Even if I was going to make my own kit I would not use a mishimoto intercooler. Nothing against their quality, they just don't make an ideal size intercooler for our cars. The ZZP kit is really the best bang for your buck...


----------



## limited360 (May 6, 2011)

Skilz10179 said:


> Even if I was going to make my own kit I would not use a mishimoto intercooler. Nothing against their quality, they just don't make an ideal size intercooler for our cars. The ZZP kit is really the best bang for your buck...


+1 here...


I have a Mishimoto Radiator setup for my Integra, its a great product. However I will stick with the kit that is made for my car... easier and requires no thought. Not like we need a bigger IC than the ZZP one...


----------



## xxxxxxxxderoid (May 11, 2012)

just a thought guys, which intercooler do you think is better? zzp or hep?
i think they both have their pros and cons. for example hep gets you polished pipes but zzp looks like a thicker core which should make for better cooling. but hep seems to have a better flowing design with the airflow entry to the tanks being straight rather than an elbow, but zzp is cheaper......

what do you guys think?


----------



## Cruze24 (May 21, 2013)

What about Ebay Intercooler kit anyone installed it was it hard.


----------



## Hoon (Mar 18, 2012)

Dont use a no-name ebay intercooler if you expect it to be better than stock.


----------



## iKermit (Dec 13, 2010)

Hoon said:


> Dont use a no-name ebay intercooler if you expect it to be better than stock.

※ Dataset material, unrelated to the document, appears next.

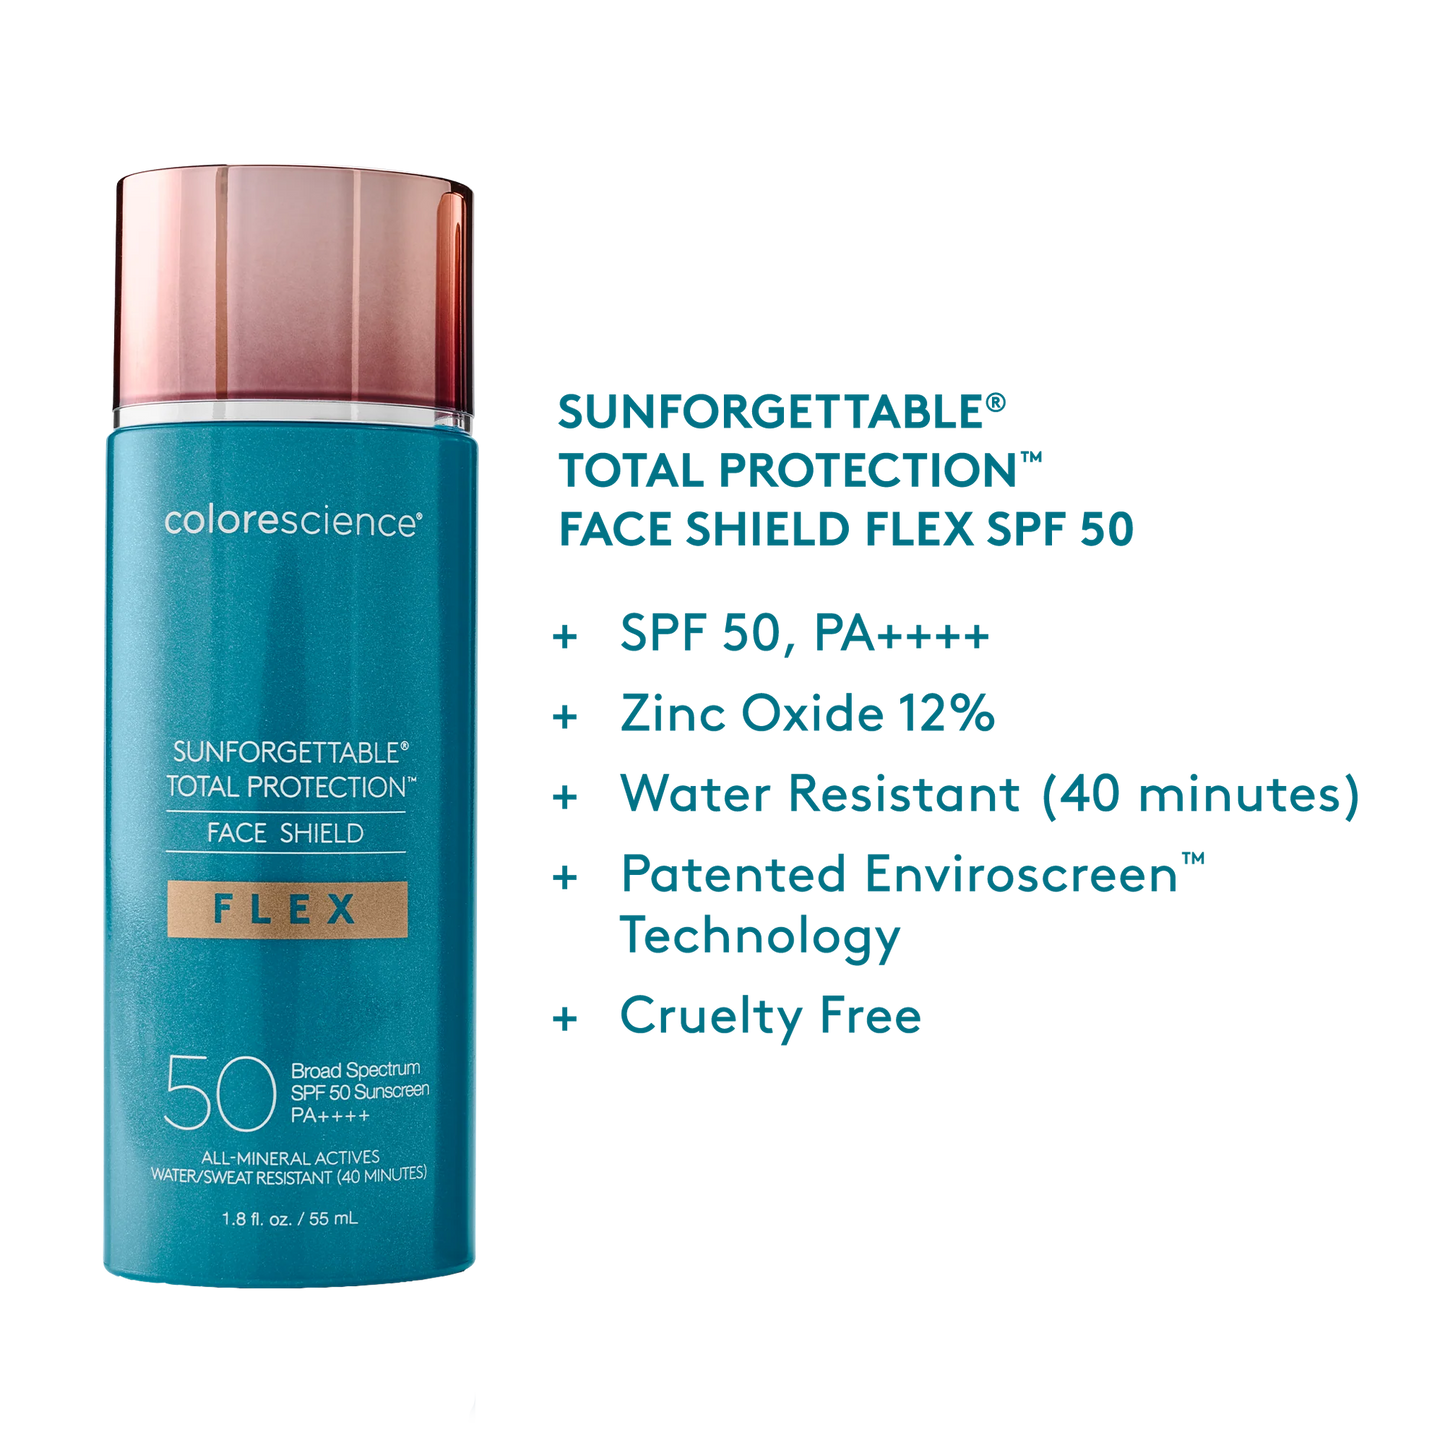 COLORES SCIENCE | SUNFORGETTABLE TOTAL PROTECTION FACE SHIELD FLEX SPF 50

Exactly. Stick with something that is more proven to do better, than proven to be cheaper with no pros to it.


----------



## H3LLON3ARTH (Dec 16, 2011)

Is there a company's name on the EBay item (OnlyTarus ) is running cxracings and he has no complaints


Sent from AutoGuide.com Free App


----------



## Skilz10179 (Mar 22, 2011)

You get what you pay for....


----------



## Gh0st (Oct 17, 2012)

My stock intercooler has been great for me, what data do you have that shows your intercooler is not working well?


----------



## Chevyderek72 (May 16, 2011)

H3LLON3ARTH said:


> Is there a company's name on the EBay item (OnlyTarus ) is running cxracings and he has no complaints
> 
> 
> Sent from AutoGuide.com Free App


One thing to note is the cxracing intercooler isn't "bolt-on". It requires modification to work properly.

Edit: I believe to the mounts mainly.

Sent from AutoGuide.com App


----------



## H3LLON3ARTH (Dec 16, 2011)

Chevyderek72 said:


> One thing to note is the cxracing intercooler isn't "bolt-on". It requires modification to work properly.
> 
> Edit: I believe to the mounts mainly.
> 
> Sent from AutoGuide.com App


Yes I forget what you have to do but maybe Onlytaurus will chim in

Sent from AutoGuide.com Free App


----------



## Cruze24 (May 21, 2013)

is ZZP intake replace and direct fit so u dont need weld stuff and how hard installation


----------



## Hoon (Mar 18, 2012)

All the intakes are direct fit with a 15 minute install with basic hand tools.


----------